3.6.1: Bond Strength (Problems)

PROBLEM $$\PageIndex{1}$$

Which bond in each of the following pairs of bonds is the strongest?

a. C–C or $$\mathrm{C=C}$$
b. C–N or $$\mathrm{C≡N}$$
c. $$\mathrm{C≡O}$$
or $$\mathrm{C=O}$$
d. H–F or H–Cl
e. C–H or O–H
f. C–N or C–O

$$\mathrm{C=C}$$

$$\mathrm{C≡N}$$

$$\mathrm{C≡O}$$

H–F

O–H

C–O

PROBLEM $$\PageIndex{2}$$

When a molecule can form two different structures, the structure with the stronger bonds is usually the more stable form. Use bond energies to predict the correct structure of the hydroxylamine molecule:

The greater bond energy is in the figure on the left. It is the more stable form.

PROBLEM $$\PageIndex{3}$$

Use principles of atomic structure to answer each of the following:1

a. The radius of the Ca atom is 197 pm; the radius of the Ca2+ ion is 99 pm. Account for the difference.
b. Given these ionization values, explain the difference between Ca and K with regard to their first and second ionization energies.
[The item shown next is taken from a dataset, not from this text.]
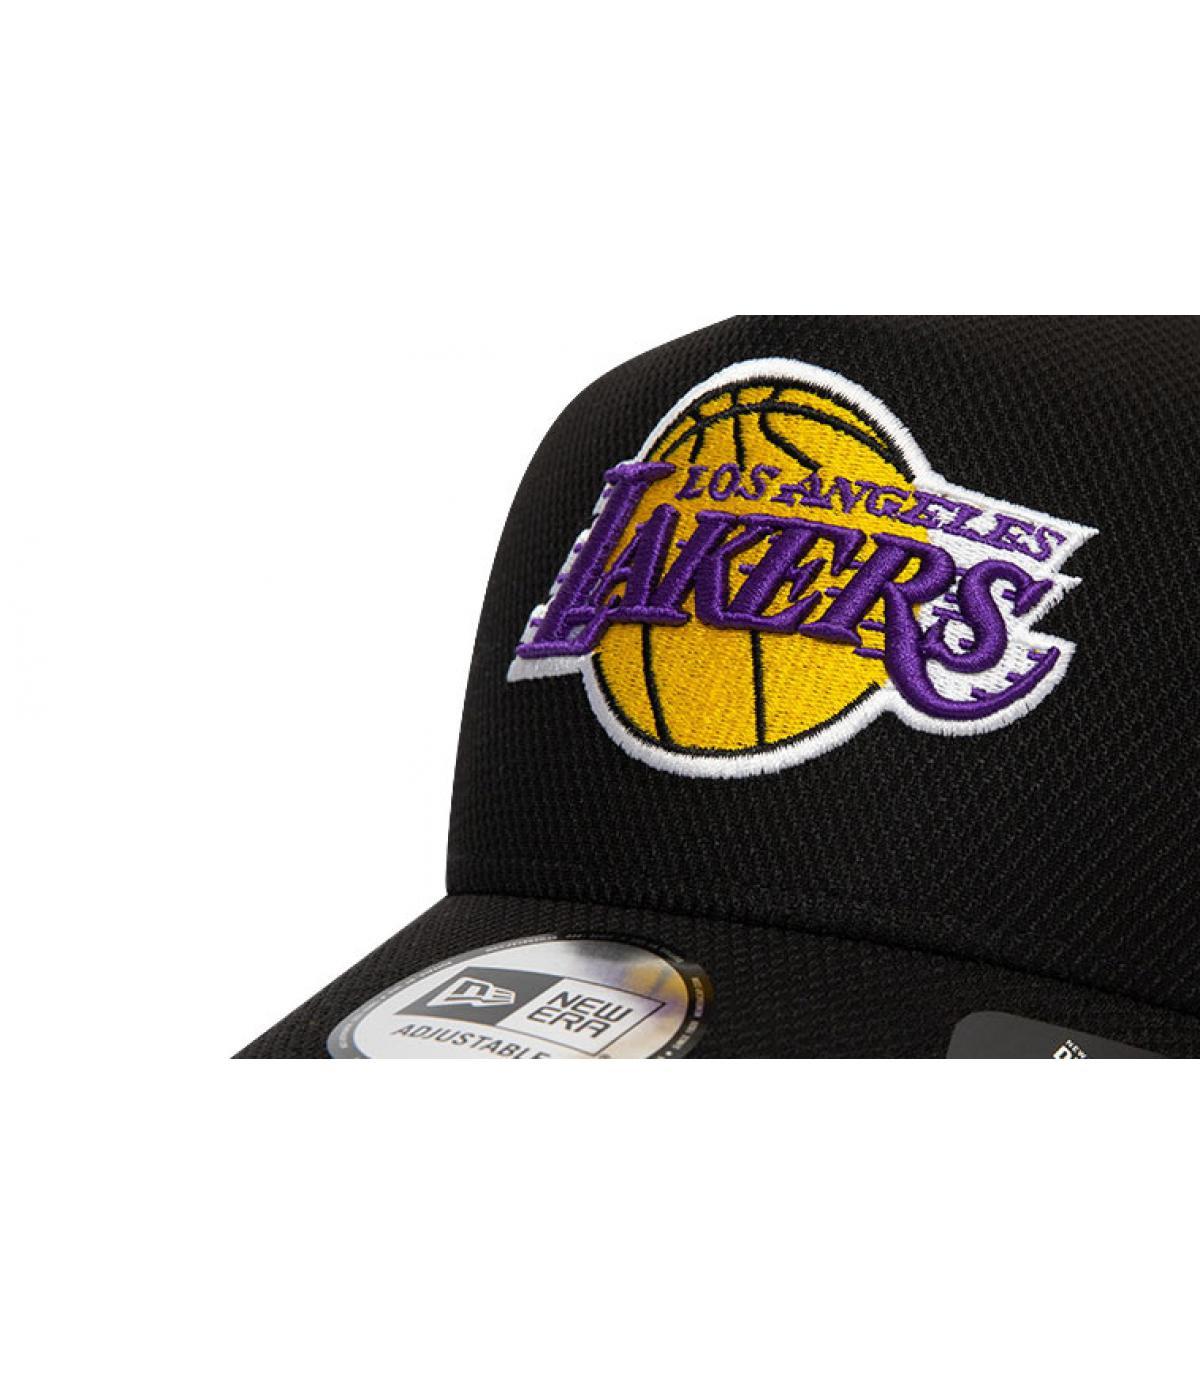 Details League Ess Lakers Diamond Era Aframe - afbeeling 3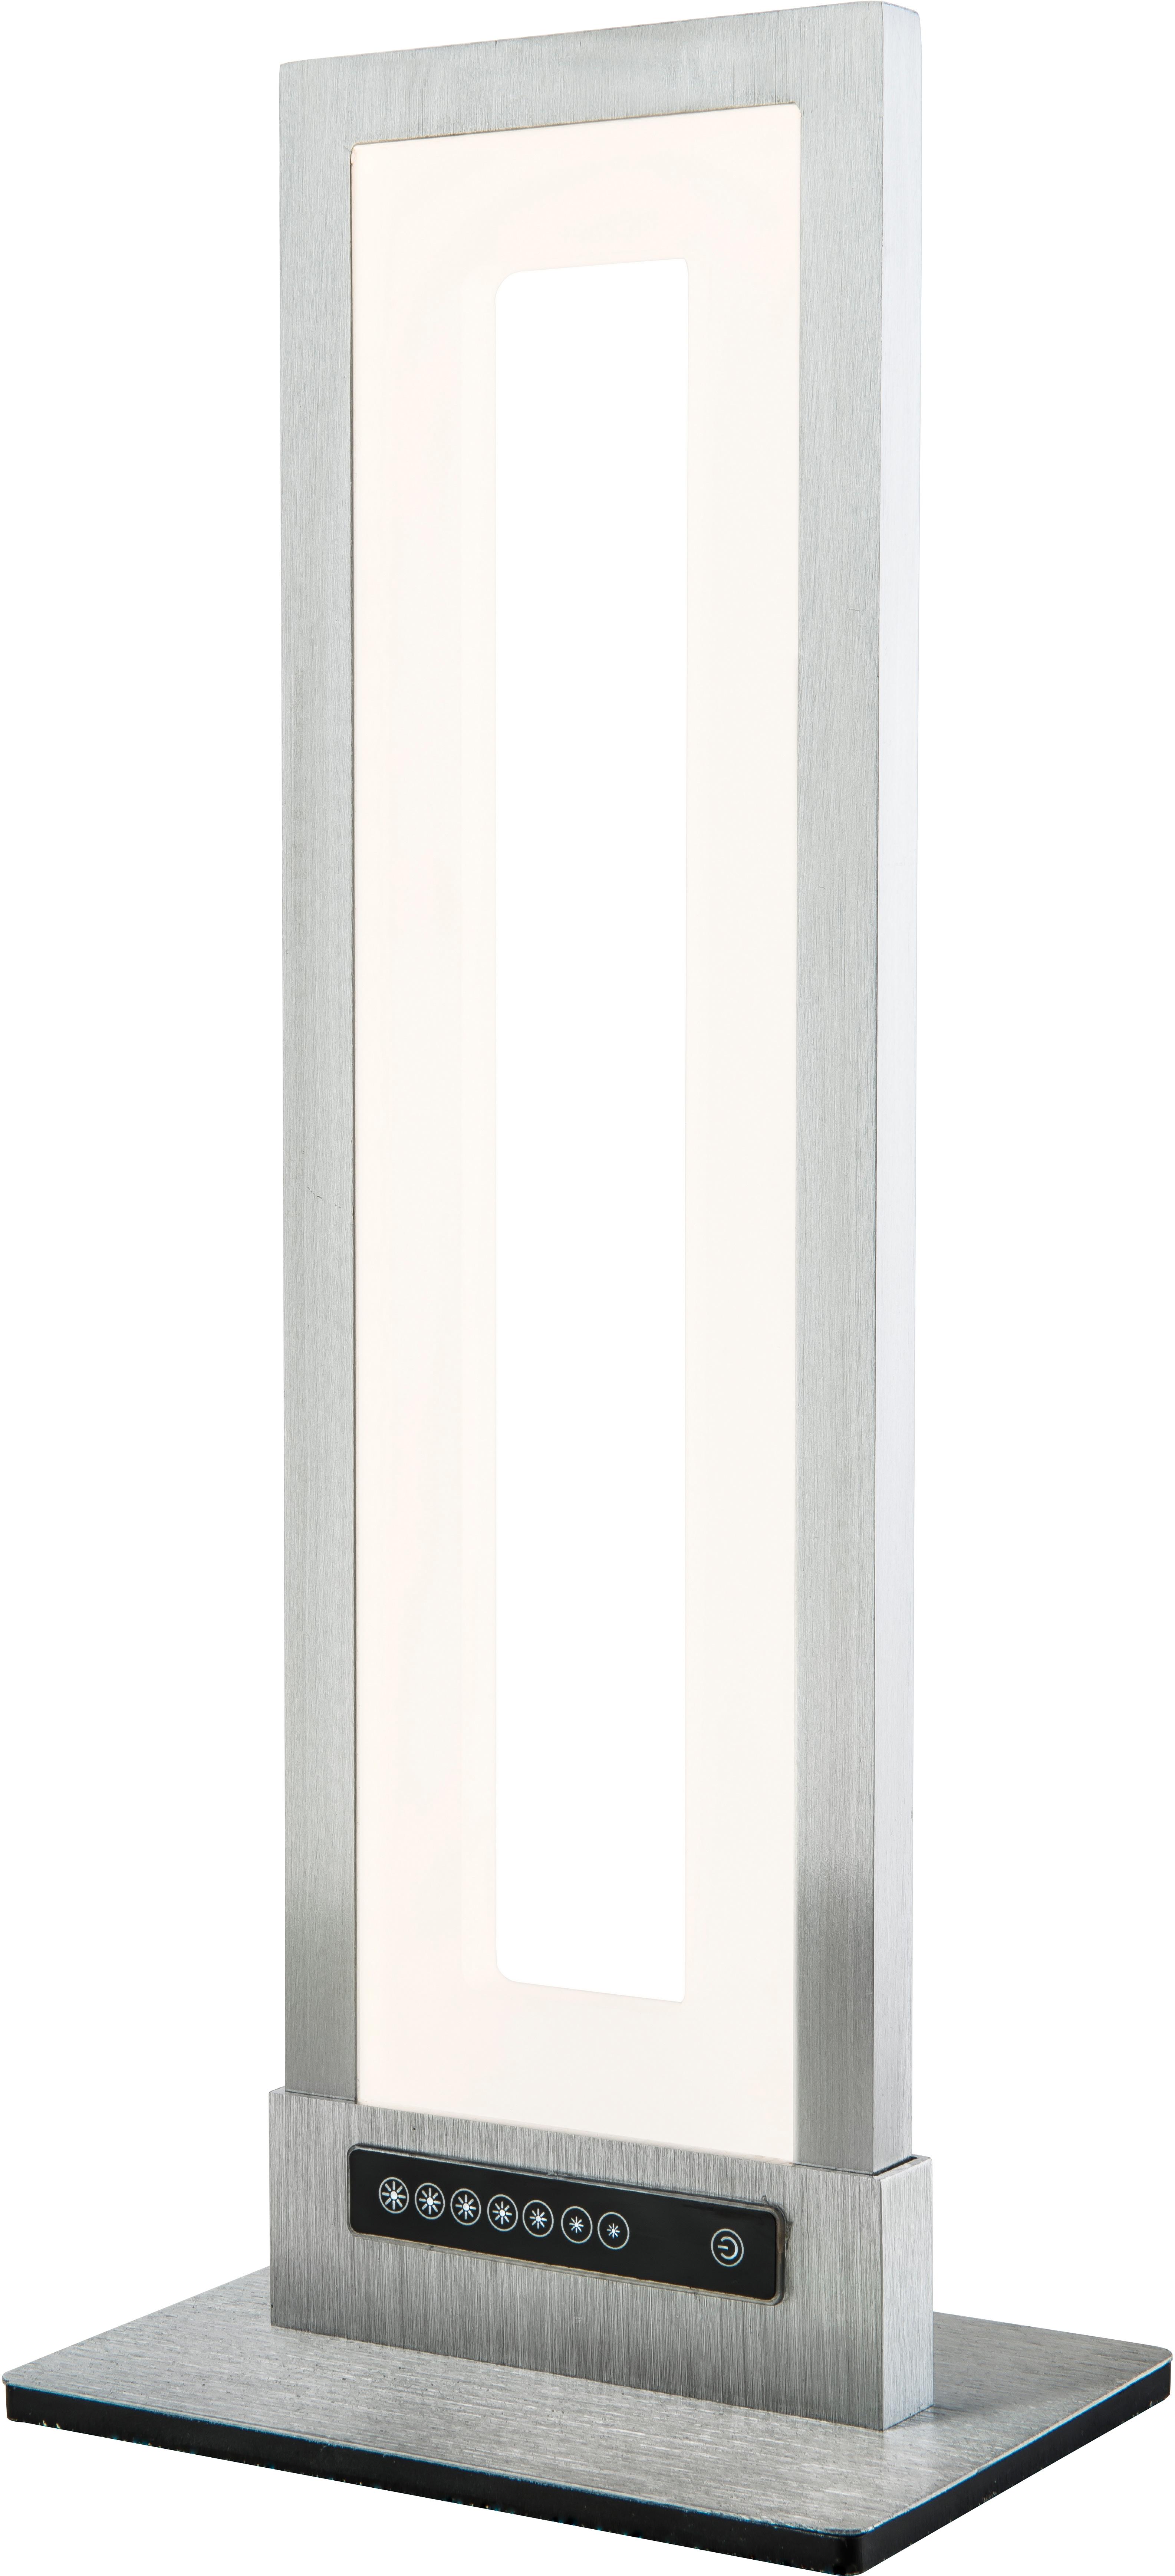 Nino Leuchten LED Tischleuchte JANO

Element First Ionization Energy (kJ/mol) Second Ionization Energy (kJ/mol)
K 419 3050
Ca 590 1140

c. The first ionization energy of Mg is 738 kJ/mol and that of Al is 578 kJ/mol. Account for this difference.

When two electrons are removed from the valence shell, the Ca radius loses the outermost energy level and reverts to the lower n = 3 level, which is much smaller in radius.

Removal of the 4s electron in Ca requires more energy than removal of the 4s electron in K because of the stronger attraction of the nucleus and the extra energy required to break the pairing of the electrons. The second ionization energy for K requires that an electron be removed from a lower energy level, where the attraction is much stronger from the nucleus for the electron. In addition, energy is required to unpair two electrons in a full orbital. For Ca, the second ionization potential requires removing only a lone electron in the exposed outer energy level.